Despite already receiving the backing of the ECB and the European Parliament, Draghi's appointment had appeared in doubt after France threatened to block the decision at the summit because it would have left the country with no representative on the ECB's six-member executive board - while Italy would have two.
'Mr Draghi is a man of great quality. France trusts him completely,' President Nicolas Sarkozy said in Brussels. 'But everyone recognized that there can't be, among six members of the European Central Bank, two members of the same nationality.'
The second Italian board member, Lorenzo Bini Smaghi, had initially refused to resign. Bini Smaghi, whose term ends in 2013, had argued that the ECB's independence would be threatened if he were to bow to political pressure.
But on Friday, the Italian relented amid concern that any hesitation on Draghi's appointment would further spook markets already on high alert over the Greek debt crisis.
'I spoke to Mr Bini Smaghi this morning by phone and he did tell me personally that he would not finish his mandate as a member of the executive board,' Van Rompuy said.
Sarkozy said he too had a phone conversation with Bini Smaghi, who told him that 'before the end of the year, he would be called upon to take up new duties.'
Italian Prime Minister Silvio Berlusconi said Bini Smaghi is one of three candidates in the running to replace Draghi at the helm of Italy's central bank, along with Draghi's deputy, Fabrizio Saccomanni, and the director general of the Italian treasury, Vittorio Grilli.
'It doesn't put into question the independence of anybody,' Sarkozy said of Bini Smaghi's decision to leave the ECB executive board. 'Everybody knows that there was a problem of geographical balance and that problem has been settled.'
But some analysts argued that France shouldn't have meddled in the ECB's affairs. ING Bank economist Carsten Brzeski described the pressure from Paris to reshape the executive board as 'unprecedented and uncalled for.'
However, Brzeski did not see the move to edge Bini Smaghi out as compromising the ECB's fiercely guarded independence.
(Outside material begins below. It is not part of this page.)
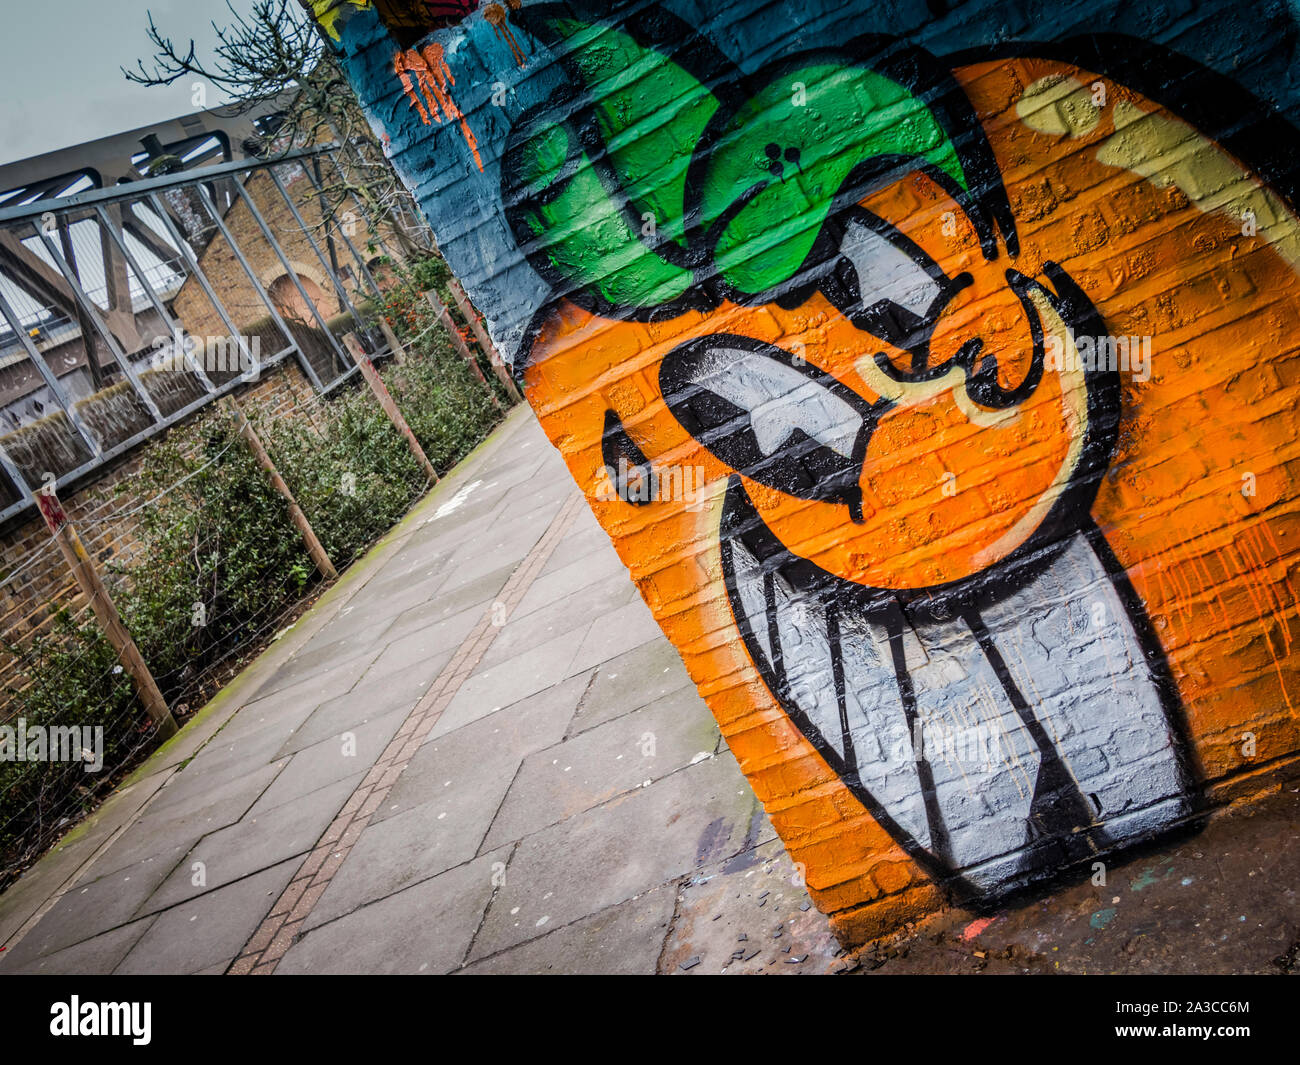 graffiti on the walls in and around Brick Lane in London's East End. Stock Photo

'I think that the independence of the ECB is fully guaranteed,' Chancellor Angela Merkel also said in Brussels.
The appointment of the 63-year-old Draghi to an eight-year term as ECB president is part of a series of changes in leadership at the Frankfurt-based bank.
Other than Bini Smaghi's replacement on the six-member executive board - about which Sarkozy declined to speculate - the bank's 23-member governing council is also undergoing changes.
The Dutch government is expected to announce shortly the replacement for Nout Wellink, who is due to step down this month as head of that nation's central bank.
Germany's Jens Weidmann has just taken up his seat on the governing council, which sets interest rates for the eurozone, after his appointment to head up his country's influential Bundesbank.
Draghi's appointment has been welcomed by financial analysts, who see him as a good communicator. They also think his move to the ECB's top job is unlikely to result in any dramatic change in the institution, which is in its 12th year.
But the appointment does raise questions about whether the ECB will follow up an April rate rise with further increases, as expected, since it is unclear if Trichet would want to mark his departure or if Draghi should launch his presidency with a rate hike, analysts said.